### Information provided
★ ★ ★
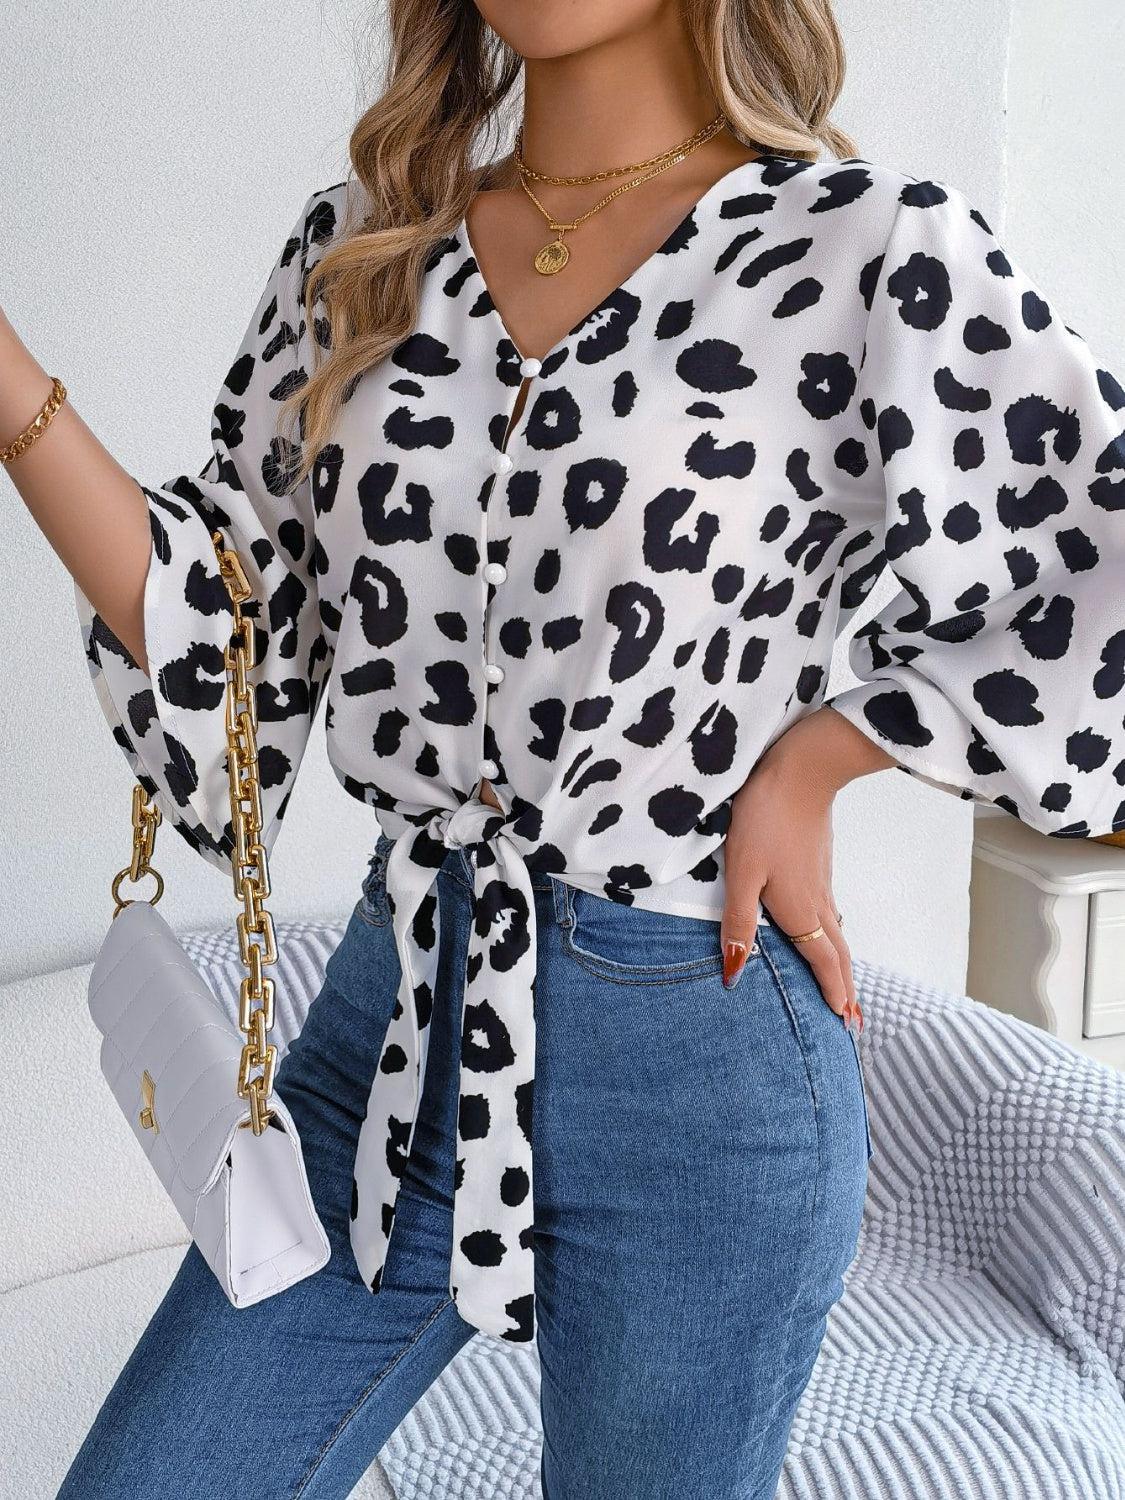 a woman wearing a leopard print blouse and jeans
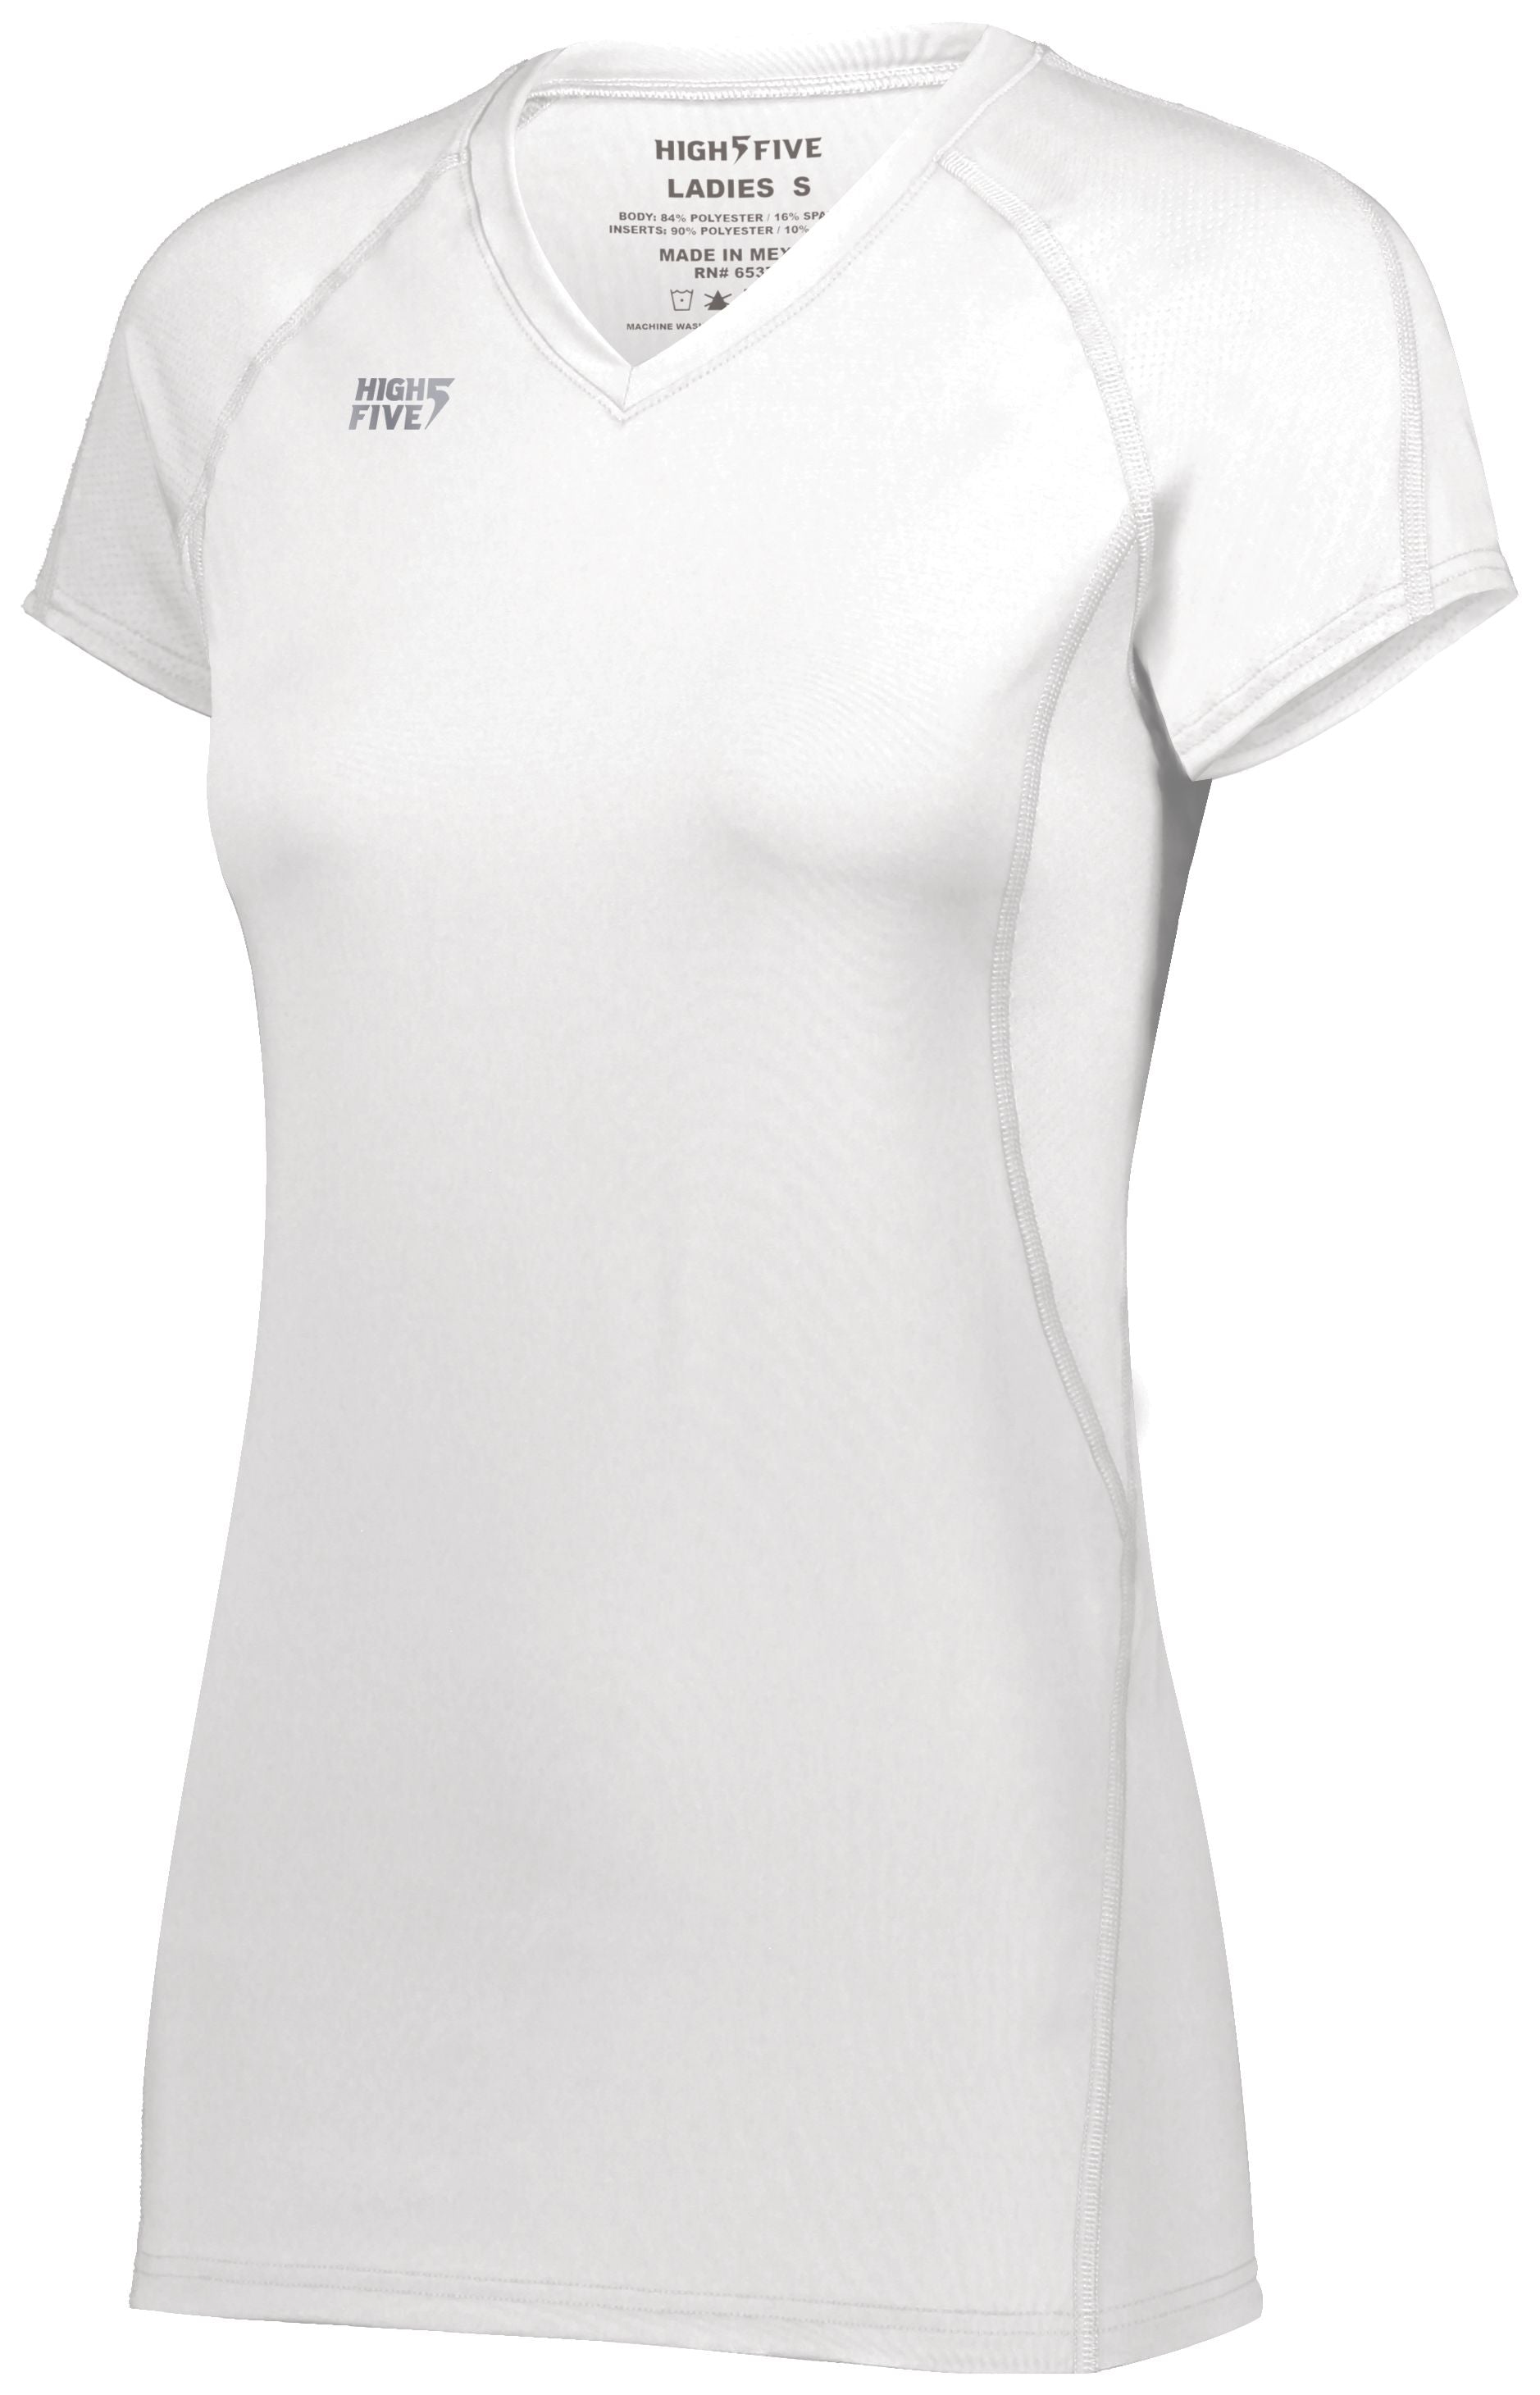 High 5 Girls Truhit Short Sleeve Jersey in White  -Part of the Girls, High5-Products, Volleyball, Girls-Jersey, Shirts product lines at KanaleyCreations.com
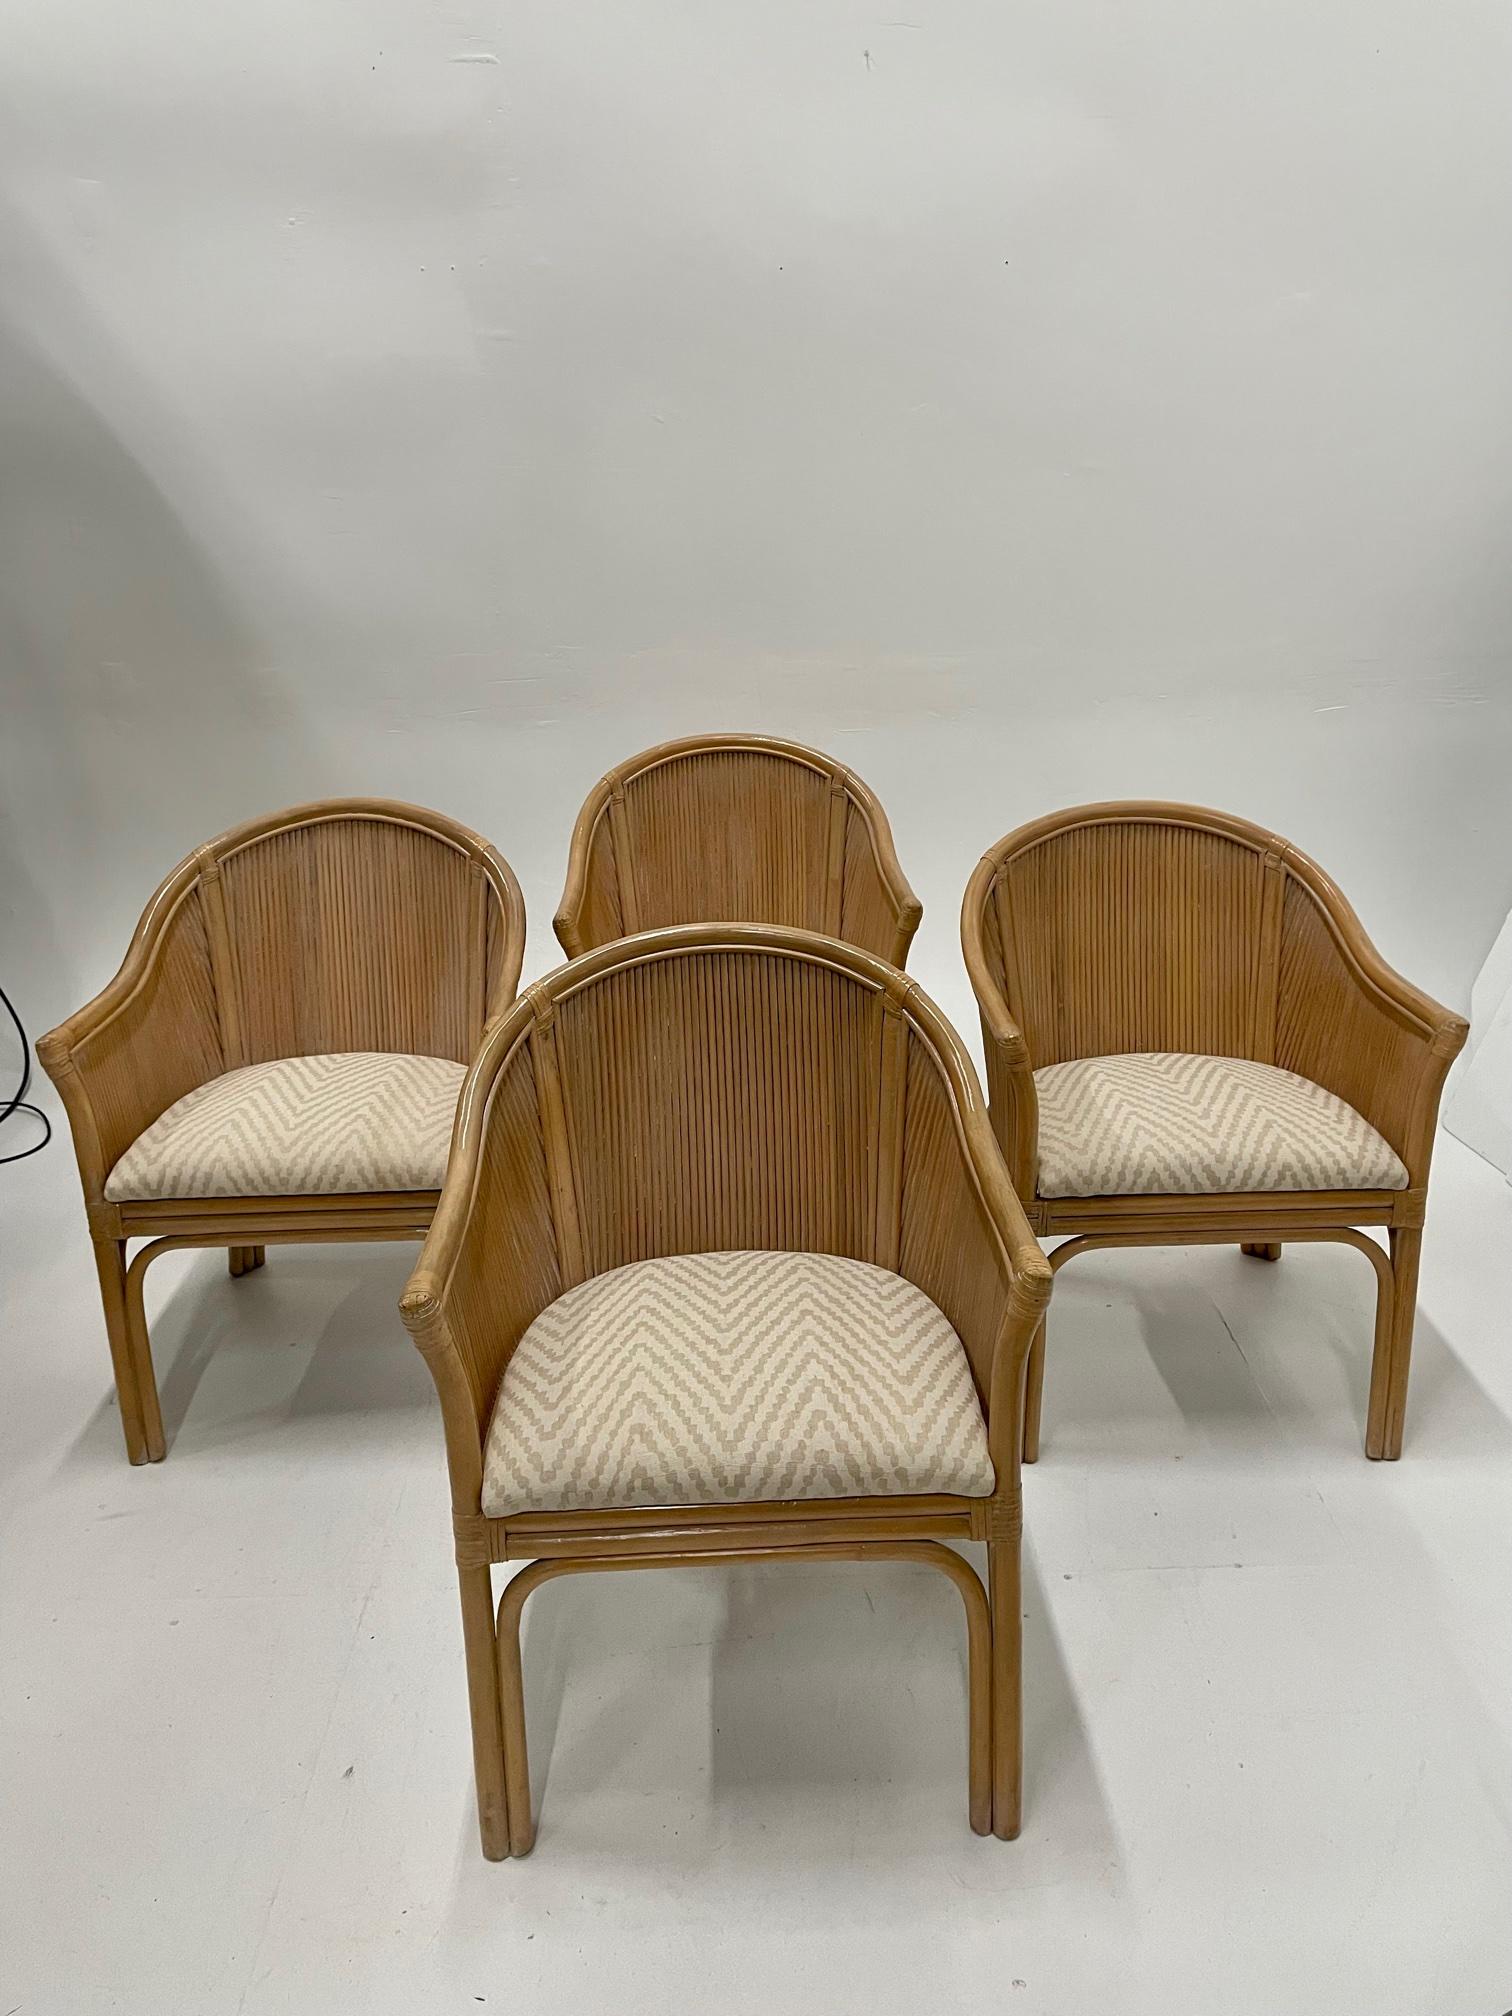 Chic set of 4 barrel back McGuire armchairs, perfect for dining or livingroom, having stunning mix of natural honey colored rattan parquetry & bamboo and cream and taupe zigzag upholstered seats.
Upholstery is new Old World Weavers fabric.
★ ★ ★
### Task goal
Print out all the material word for word but exclude any images.

### Answer section
 a woman wearing a leopard print blouse and jeans
 High 5 Girls Truhit Short Sleeve Jersey in White  -Part of the Girls, High5-Products, Volleyball, Girls-Jersey, Shirts product lines at KanaleyCreations.com
 Chic set of 4 barrel back McGuire armchairs, perfect for dining or livingroom, having stunning mix of natural honey colored rattan parquetry & bamboo and cream and taupe zigzag upholstered seats.
Upholstery is new Old World Weavers fabric.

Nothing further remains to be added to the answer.